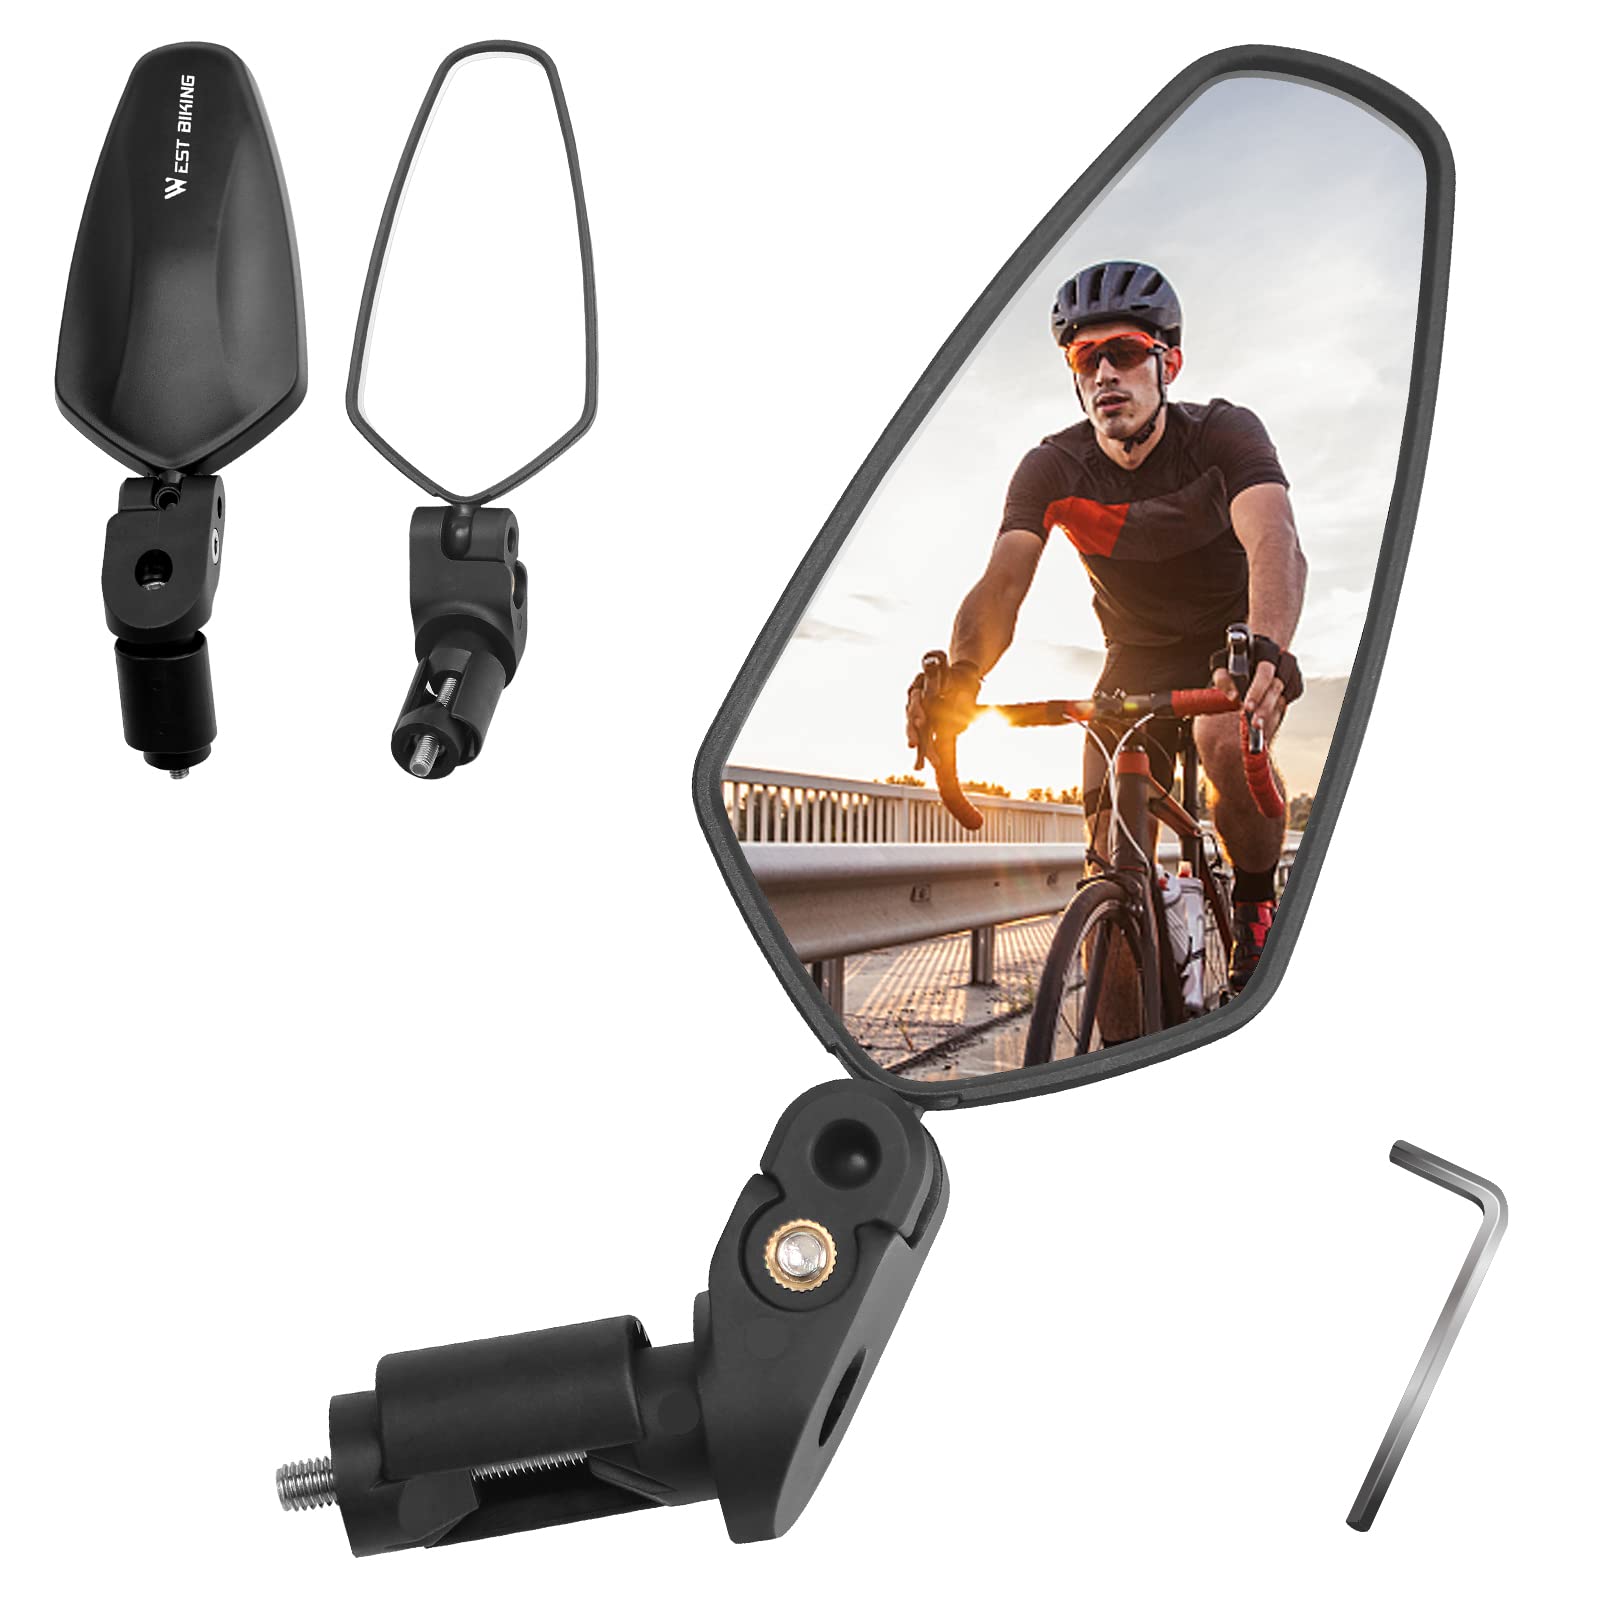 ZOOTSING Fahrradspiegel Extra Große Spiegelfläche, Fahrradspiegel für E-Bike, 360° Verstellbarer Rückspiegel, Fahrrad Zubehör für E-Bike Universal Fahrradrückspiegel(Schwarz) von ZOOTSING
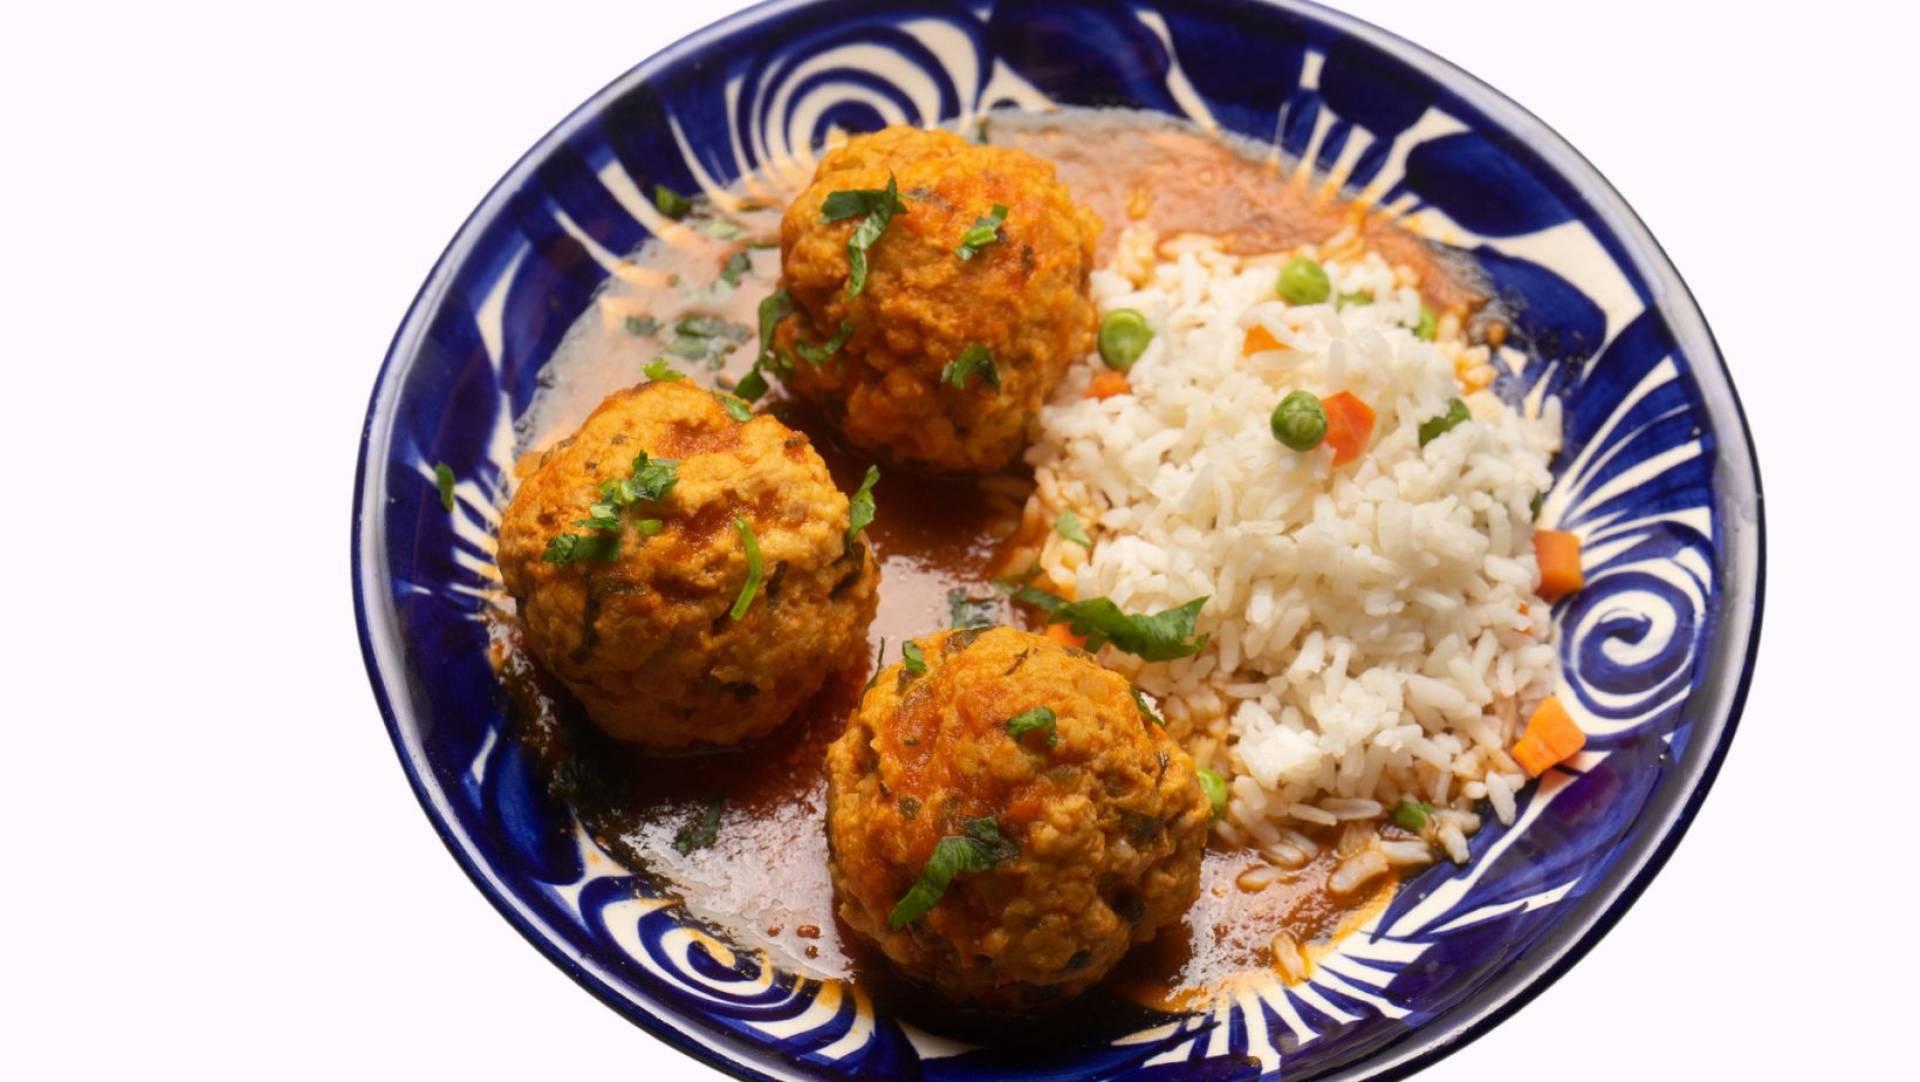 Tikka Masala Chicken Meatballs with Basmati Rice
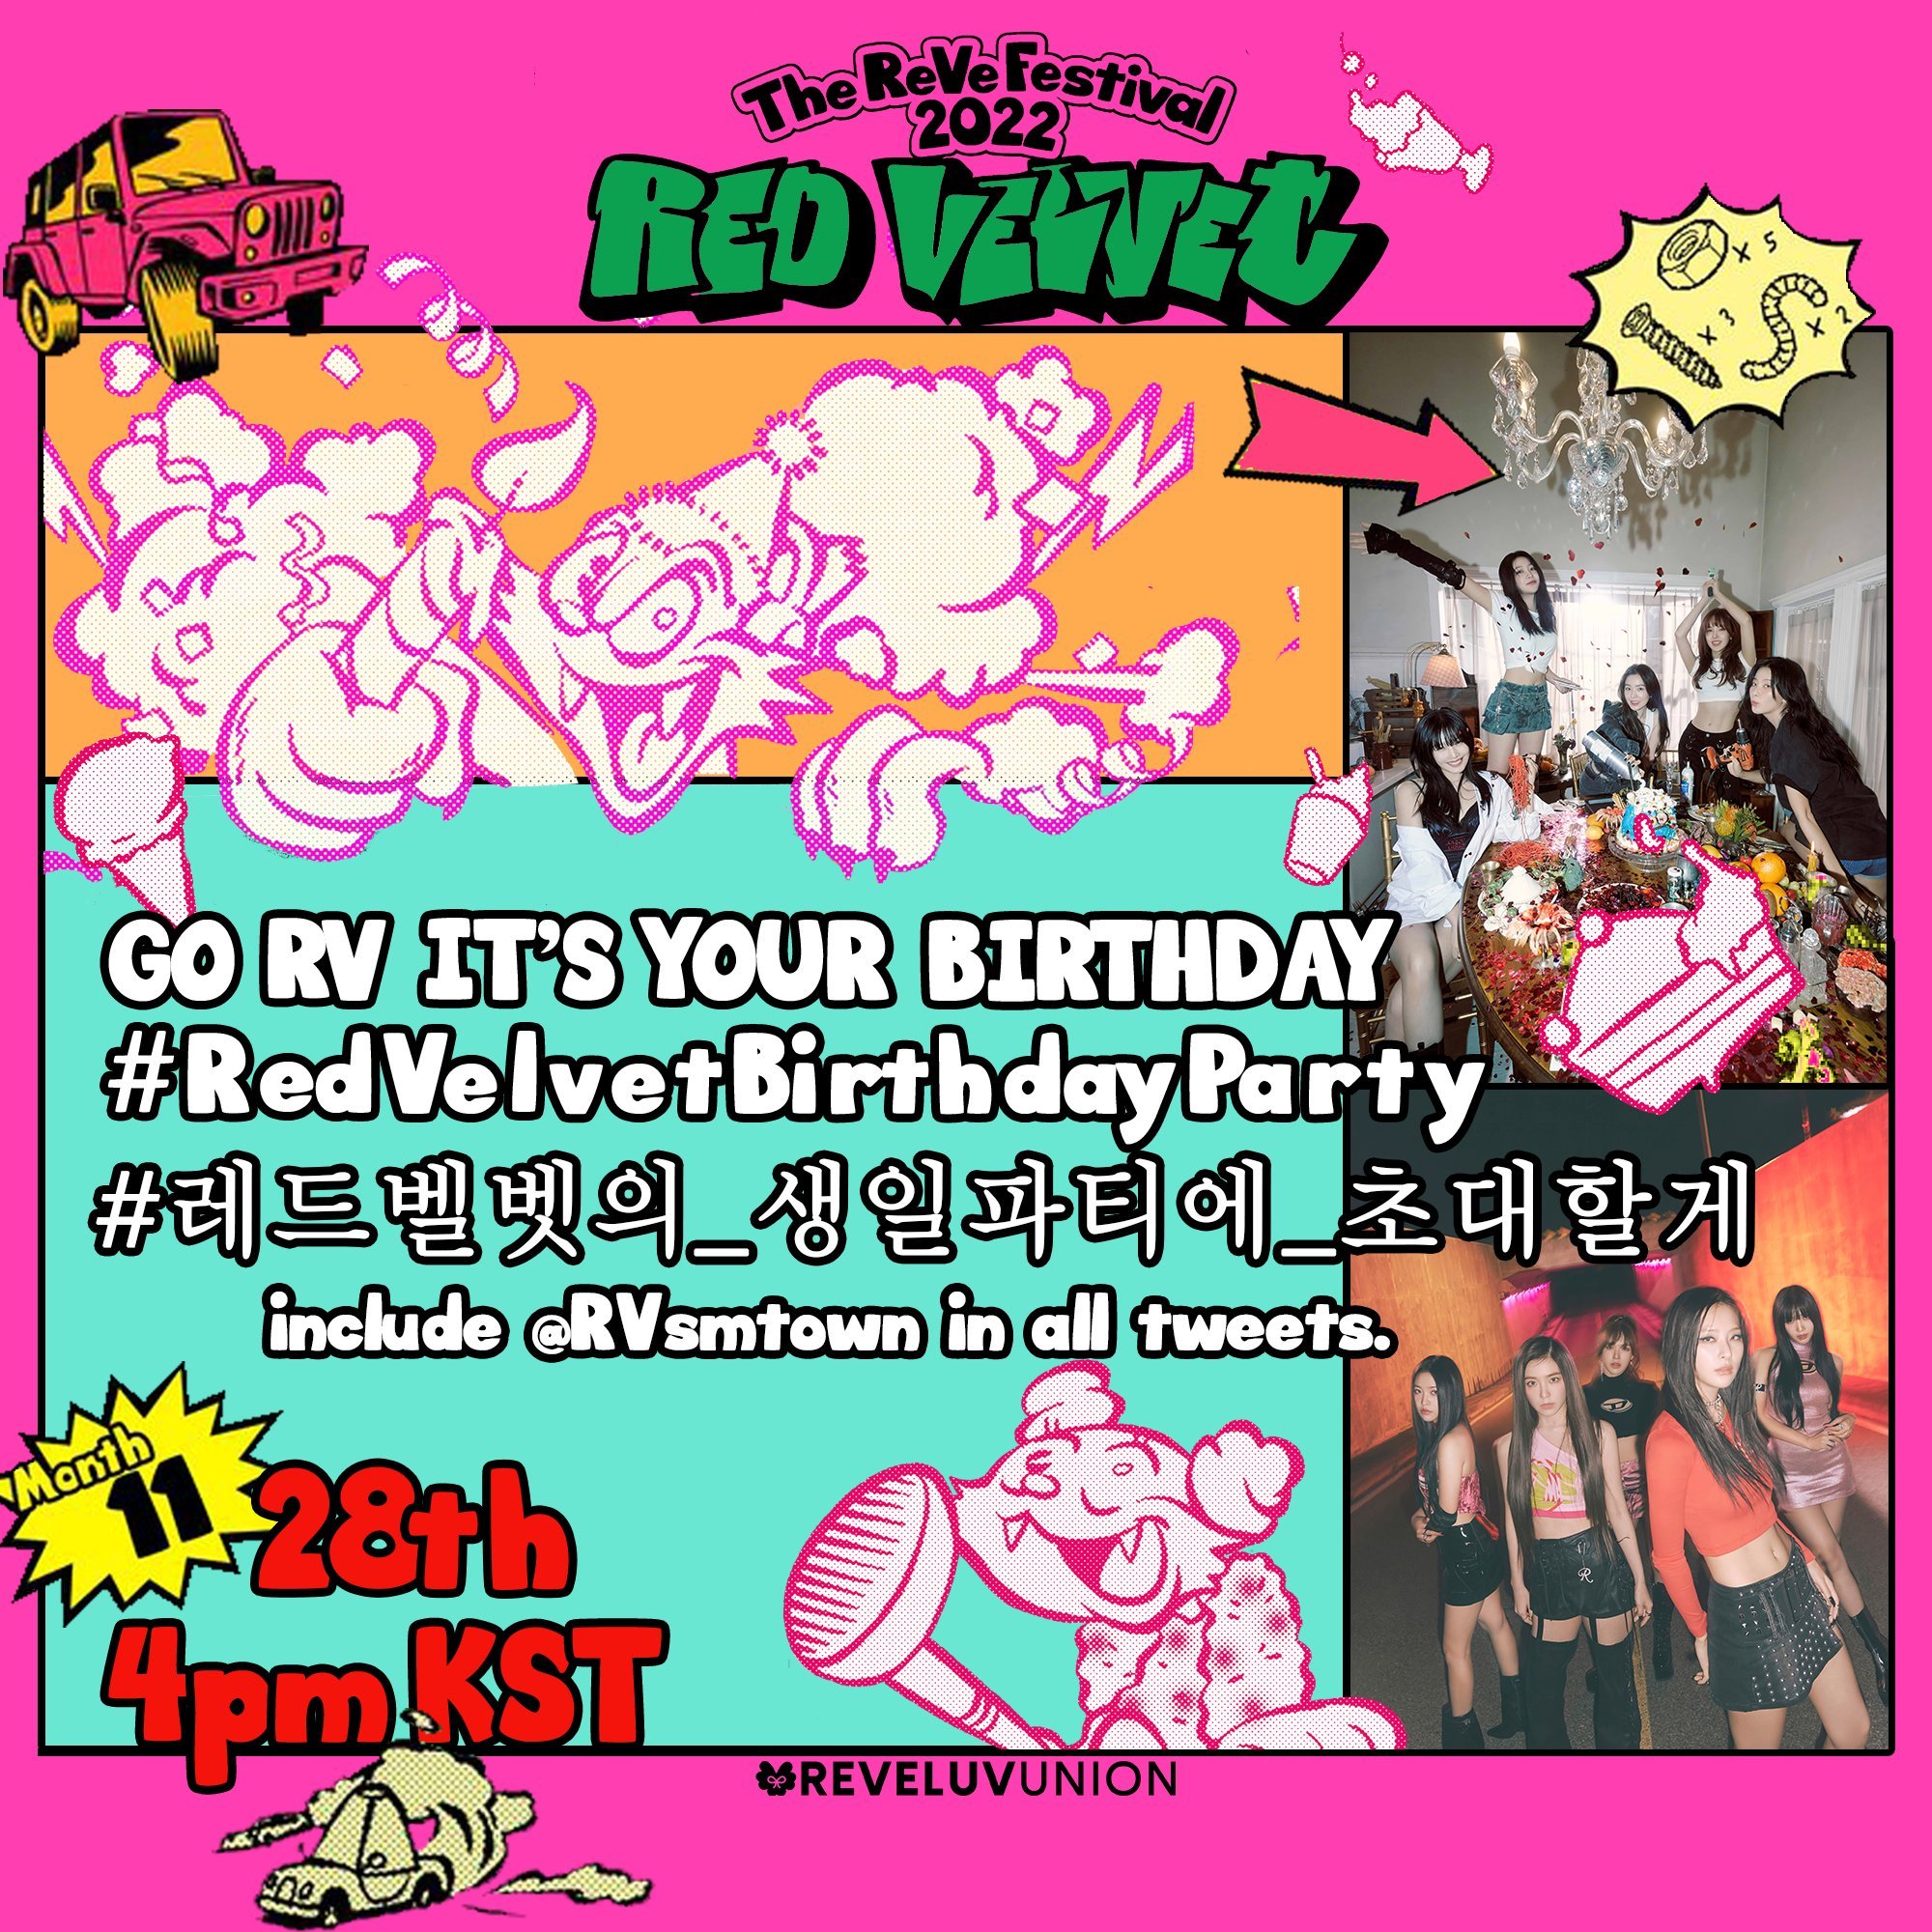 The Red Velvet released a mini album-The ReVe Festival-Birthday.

[Problem description]
Restate the listing word for word. Pictures do not belong in the copy.

[Solution to the exercise]
 ZOOTSING Fahrradspiegel Extra Große Spiegelfläche, Fahrradspiegel für E-Bike, 360° Verstellbarer Rückspiegel, Fahrrad Zubehör für E-Bike Universal Fahrradrückspiegel(Schwarz) von ZOOTSING
 Tikka Masala Chicken Meatballs with Basmati Rice
 The Red Velvet released a mini album-The ReVe Festival-Birthday.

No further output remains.